Work item — Wherever a picture appears, leave it out; set down everything else in the records exactly.

Data for this task —
Content starts

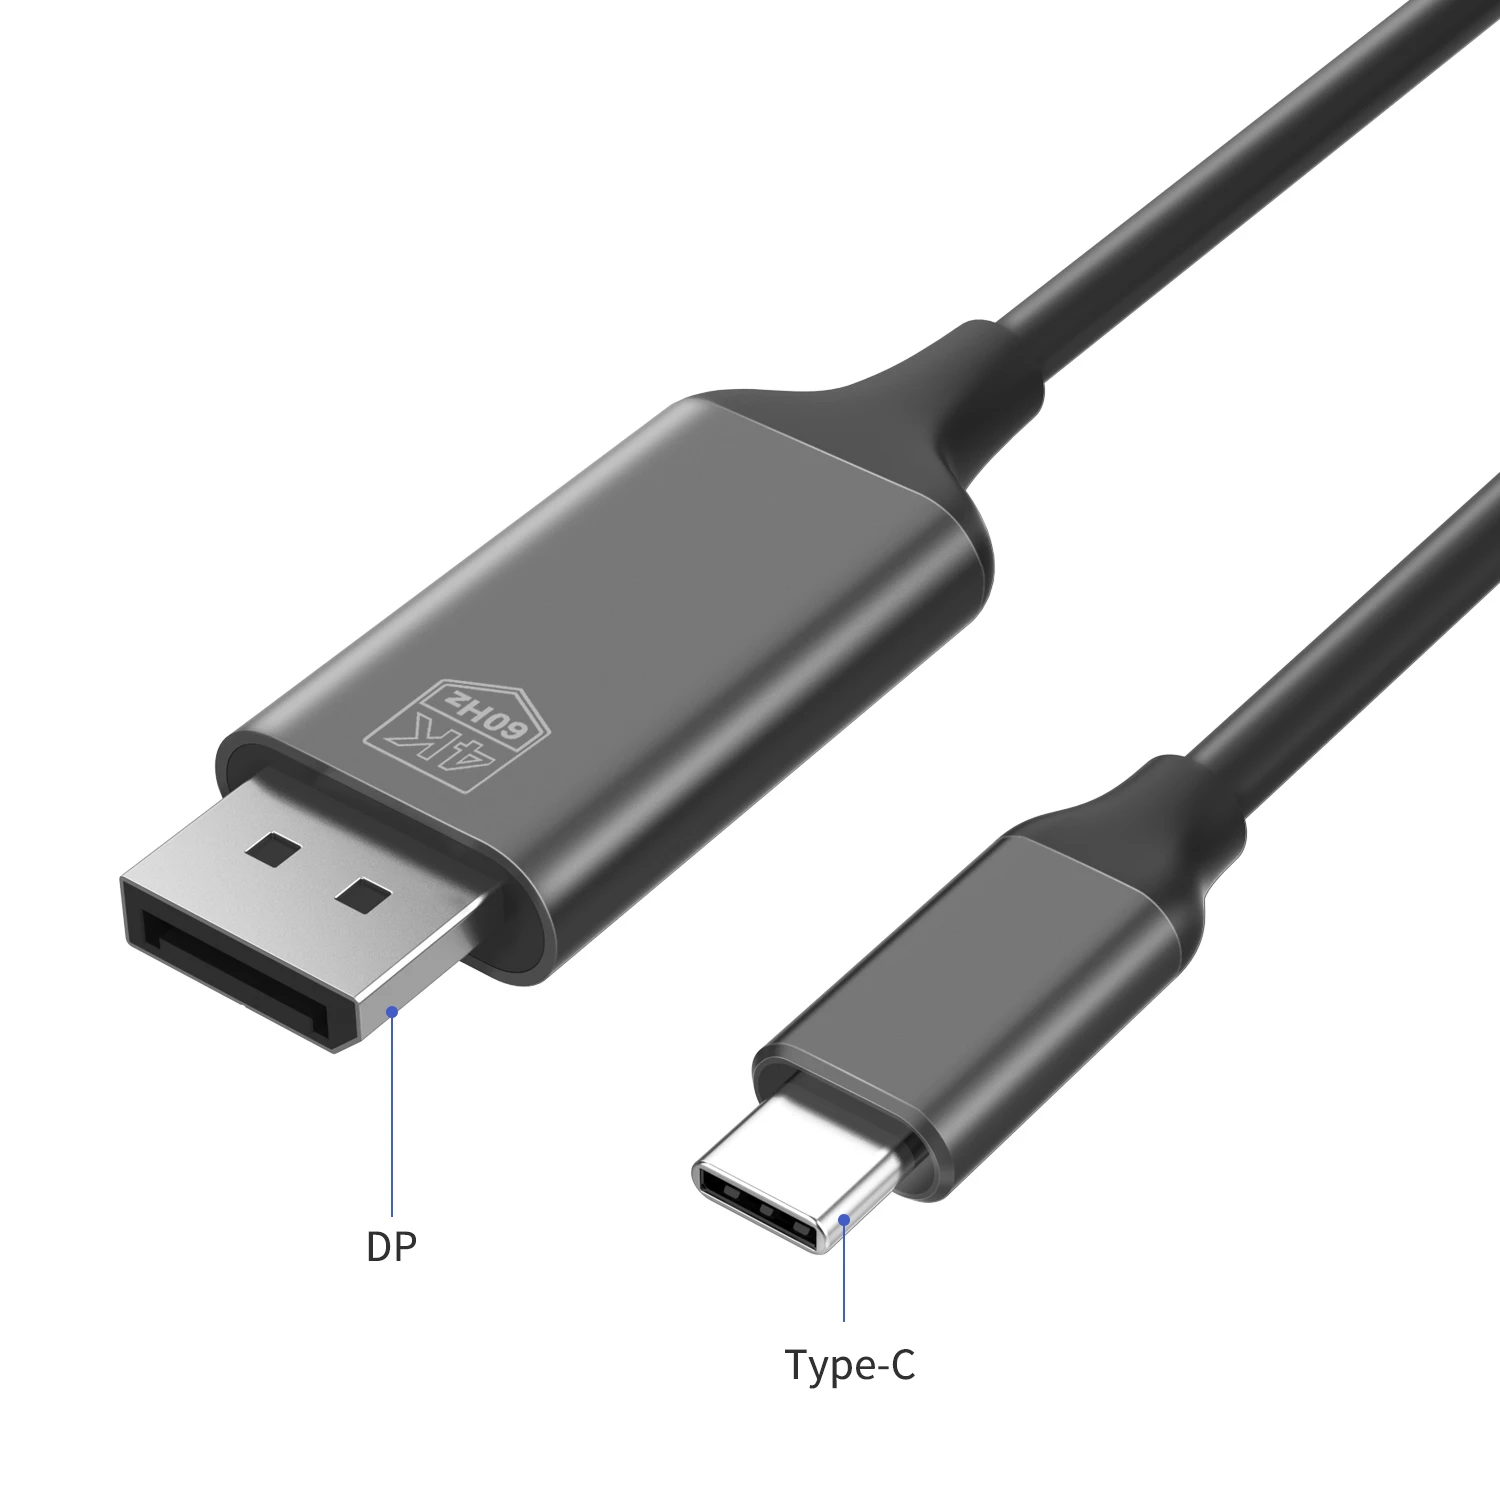 

Thunderbolt 3 USB C DP1.4 4K 60Hz Cable Type C to DisplayPort Adapter Cable for Macbook Air Ipad Pro Samsung S21 Pixelbook XPS
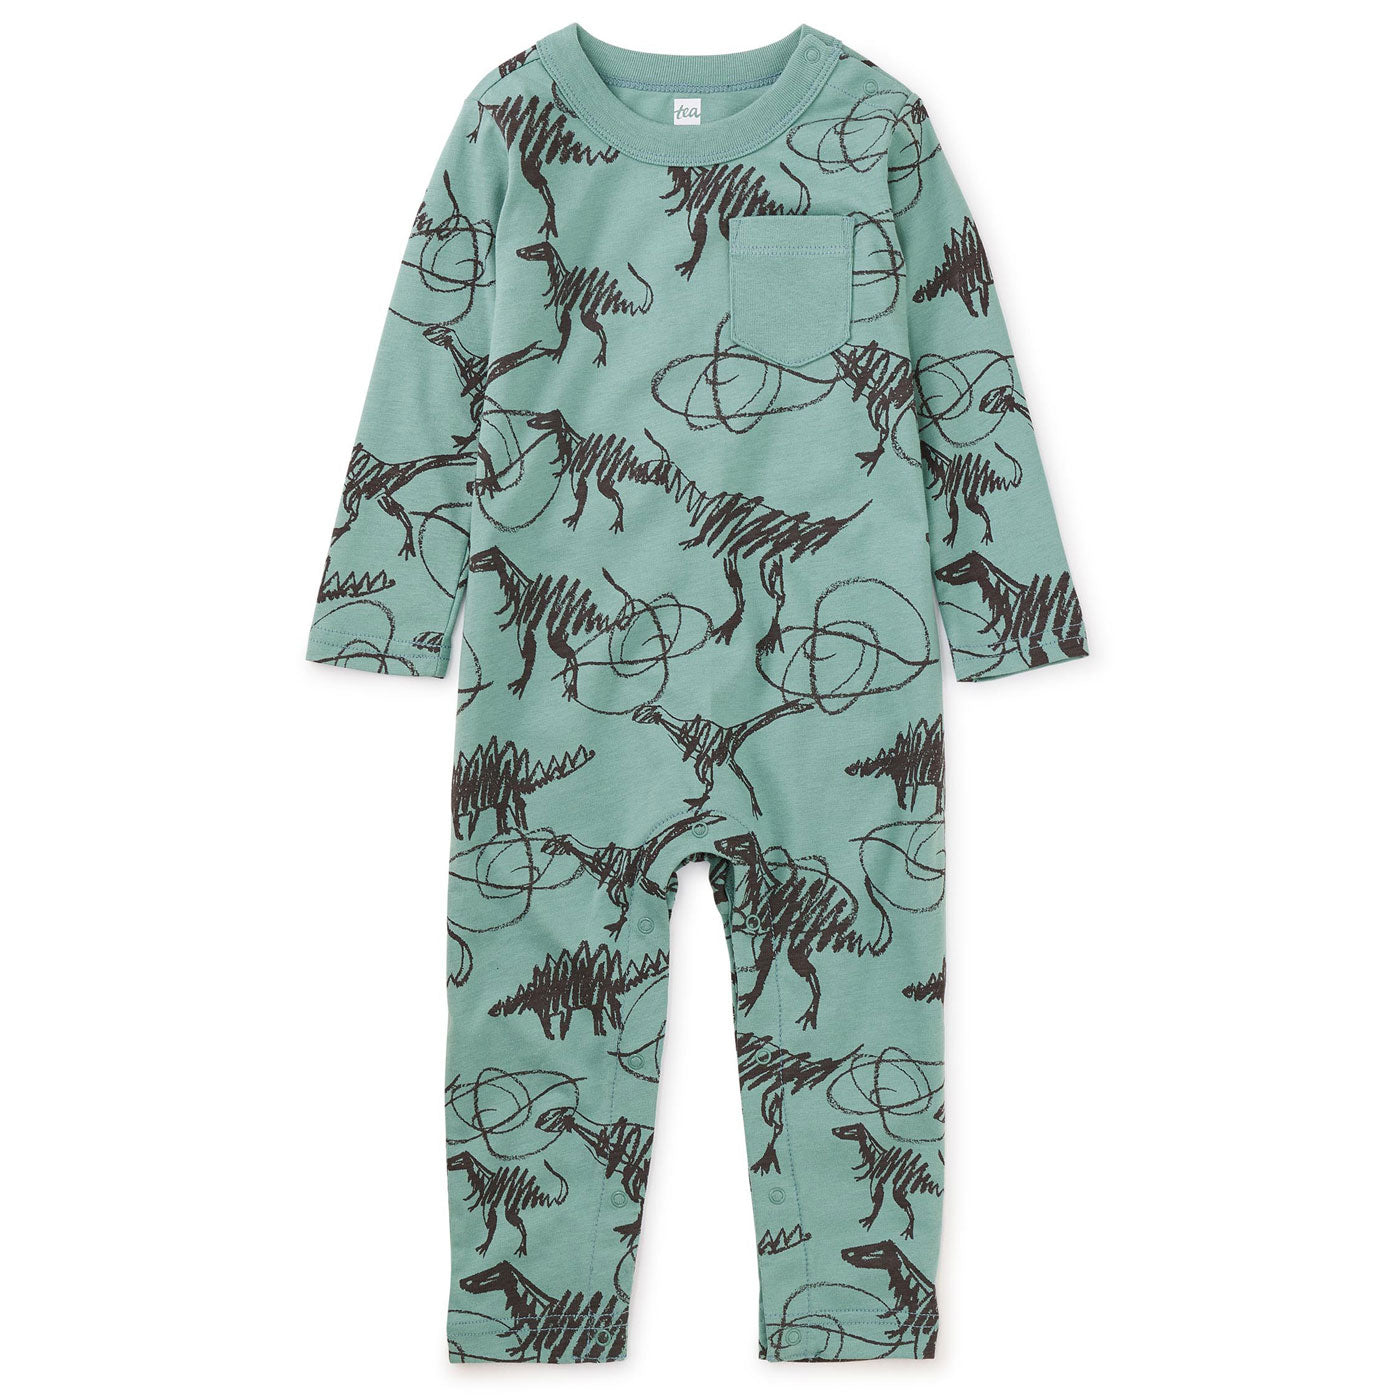 Tea Collection Long Sleeve Pocket Baby Romper - Scribbled Dinosaurs
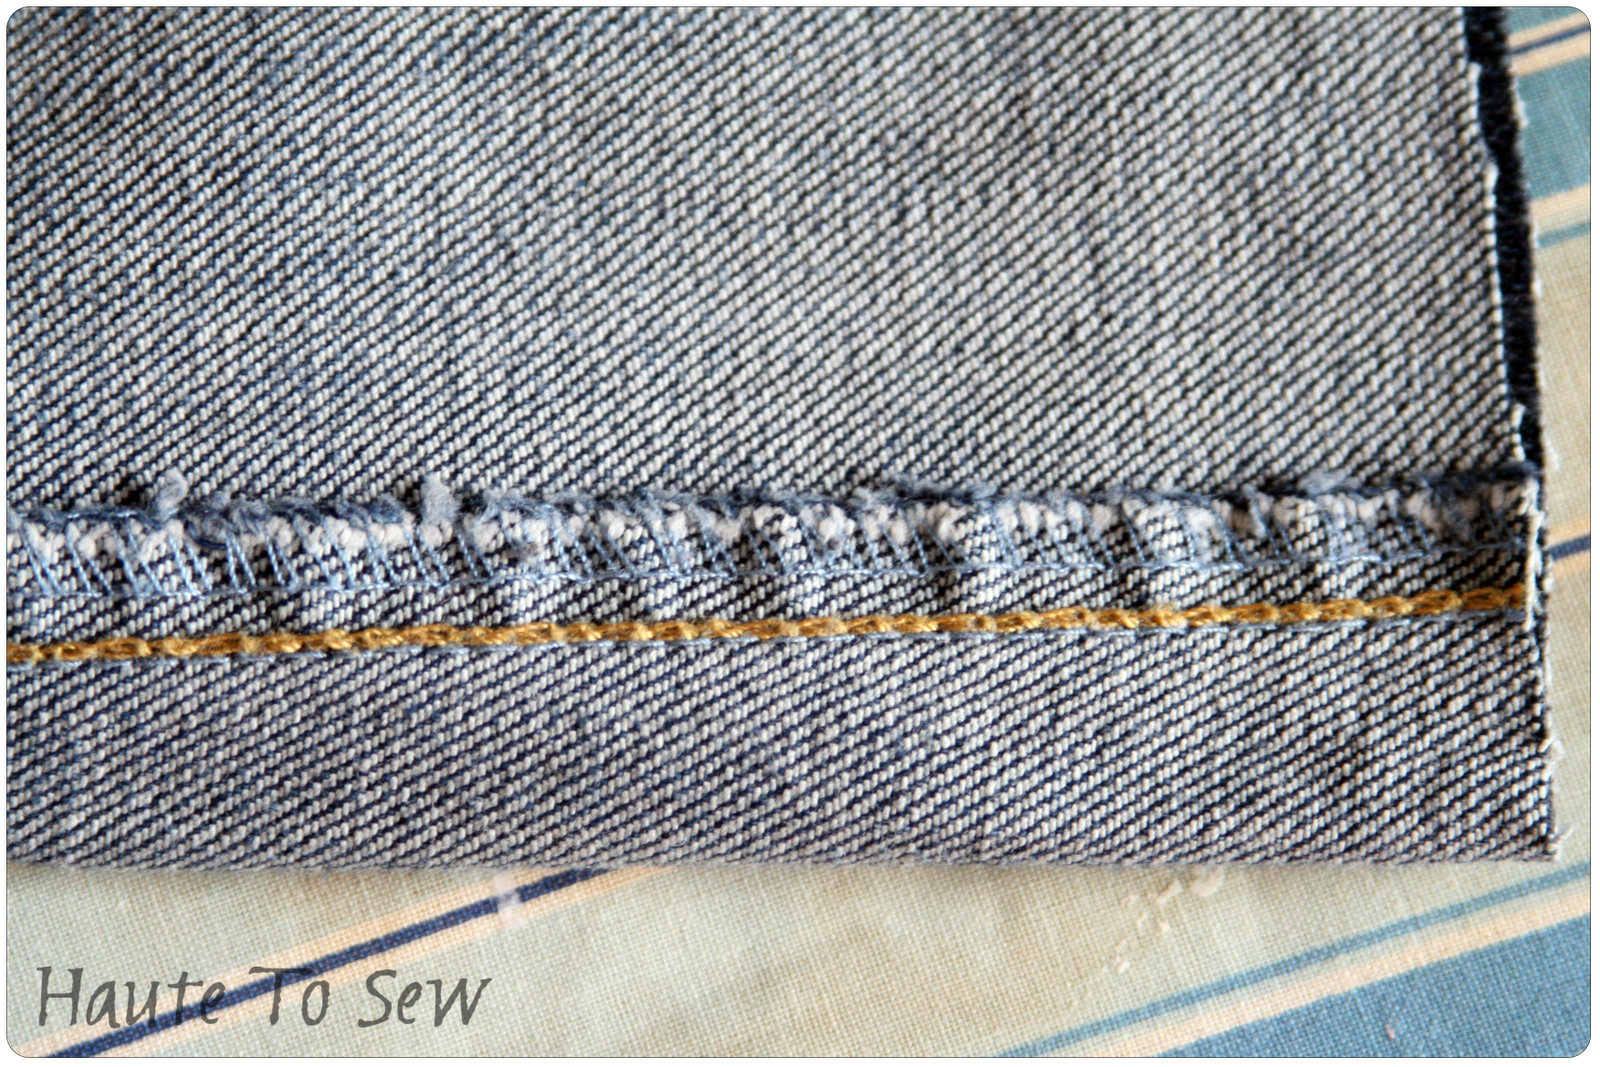 Haute To Sew: {Sewing Tip Tuesday} #11
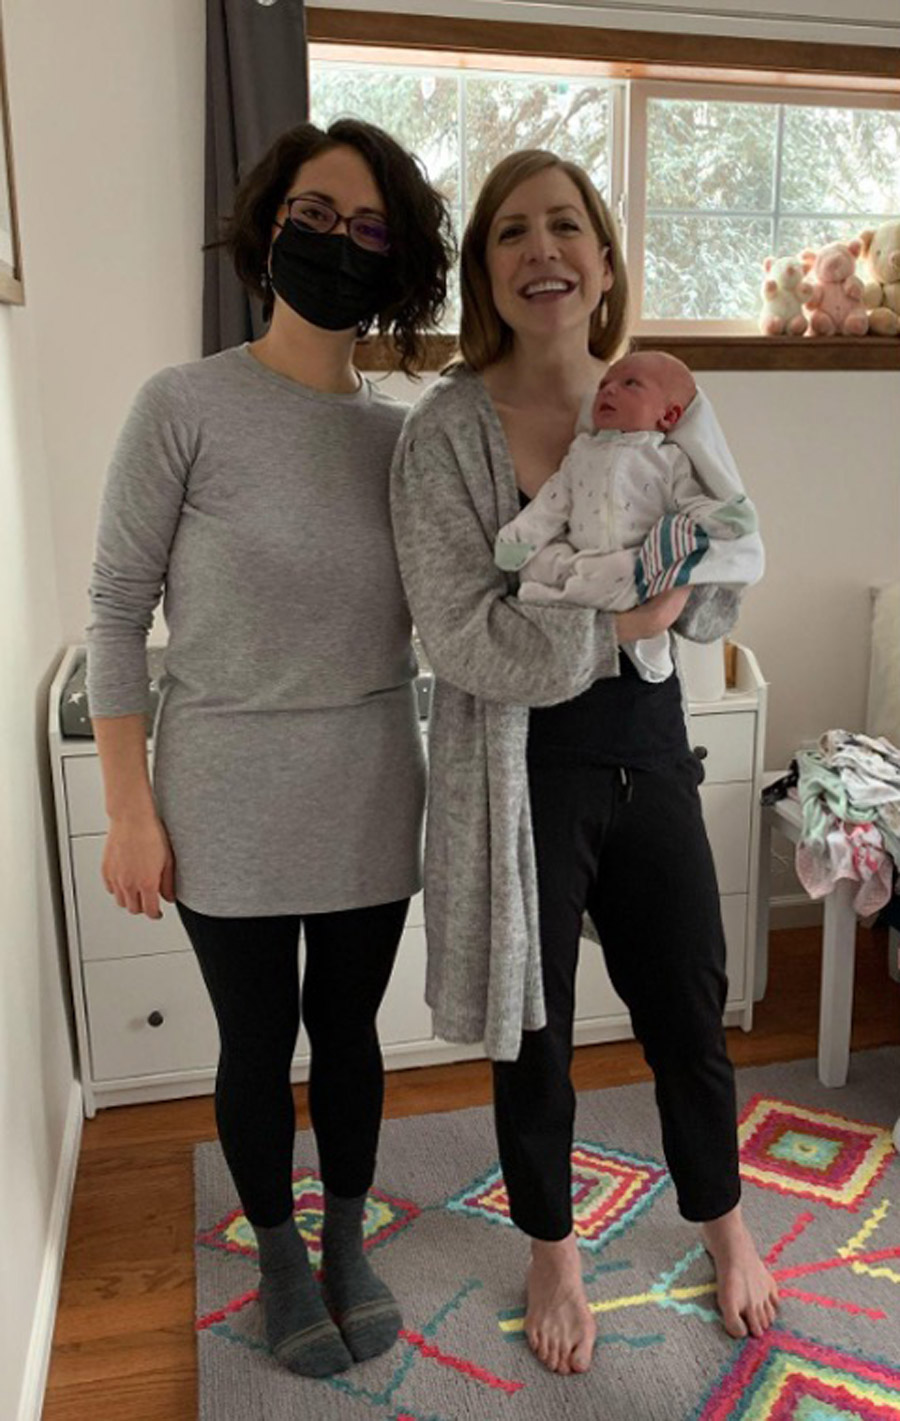 Lena with Penny and Loretta during a postpartum home visit
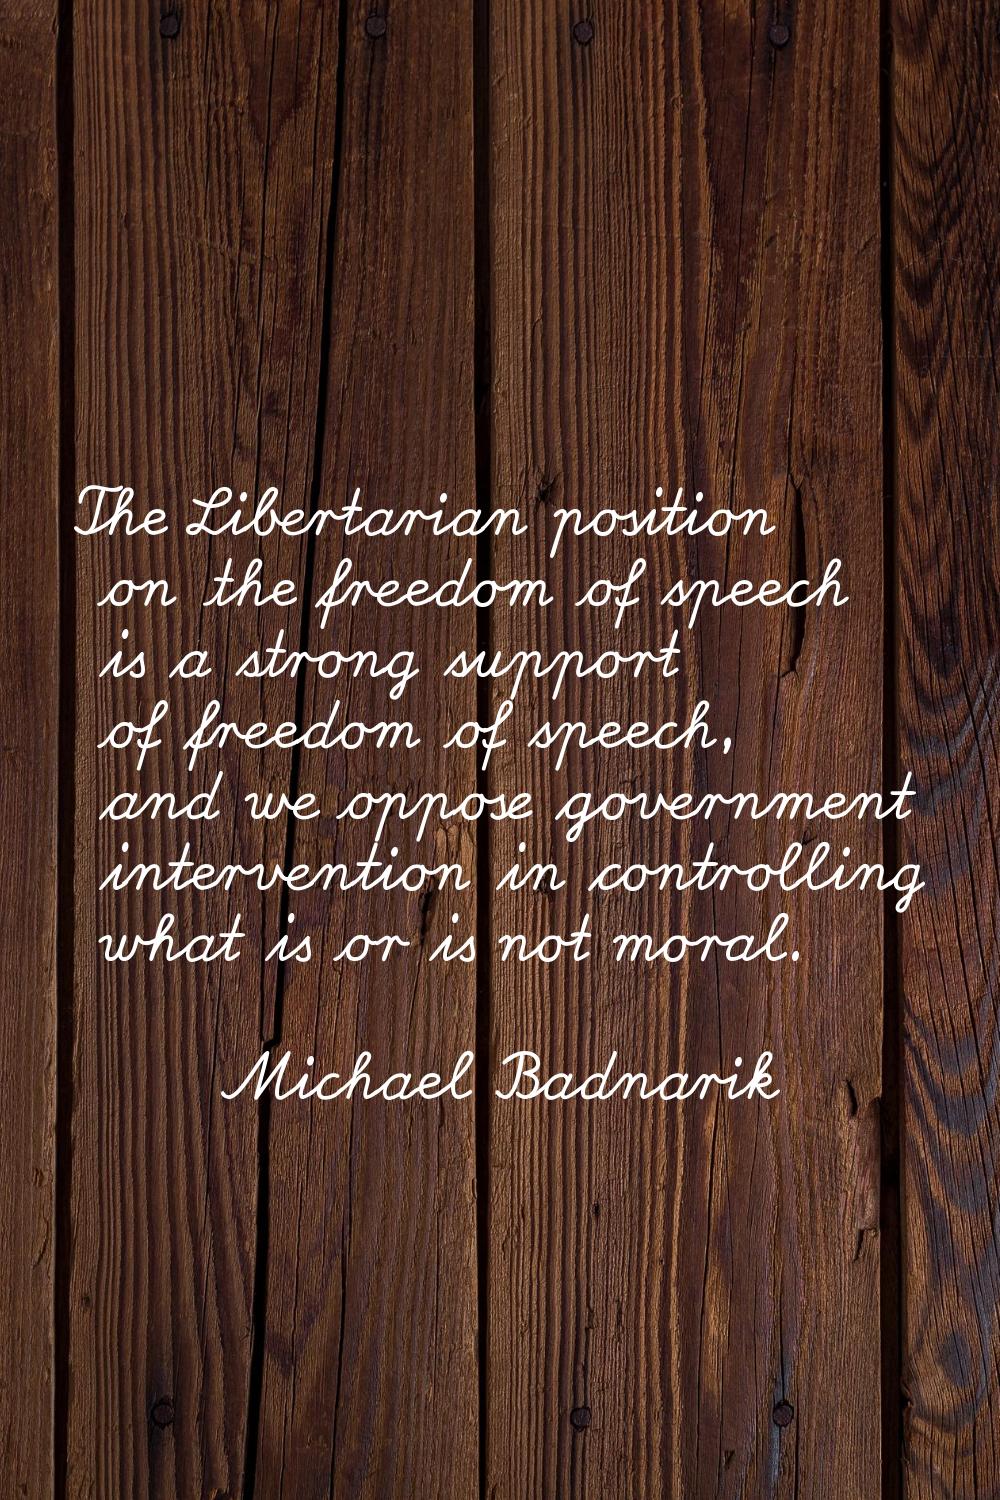 The Libertarian position on the freedom of speech is a strong support of freedom of speech, and we

Content ends

Exercise response —
Thunderbolt 3 USB C DP1.4 4K 60Hz Cable Type C to DisplayPort Adapter Cable for Macbook Air Ipad Pro Samsung S21 Pixelbook XPS
 Tea Collection Long Sleeve Pocket Baby Romper - Scribbled Dinosaurs
 Haute To Sew: {Sewing Tip Tuesday} #11
 Lena with Penny and Loretta during a postpartum home visit
 The Libertarian position on the freedom of speech is a strong support of freedom of speech, and we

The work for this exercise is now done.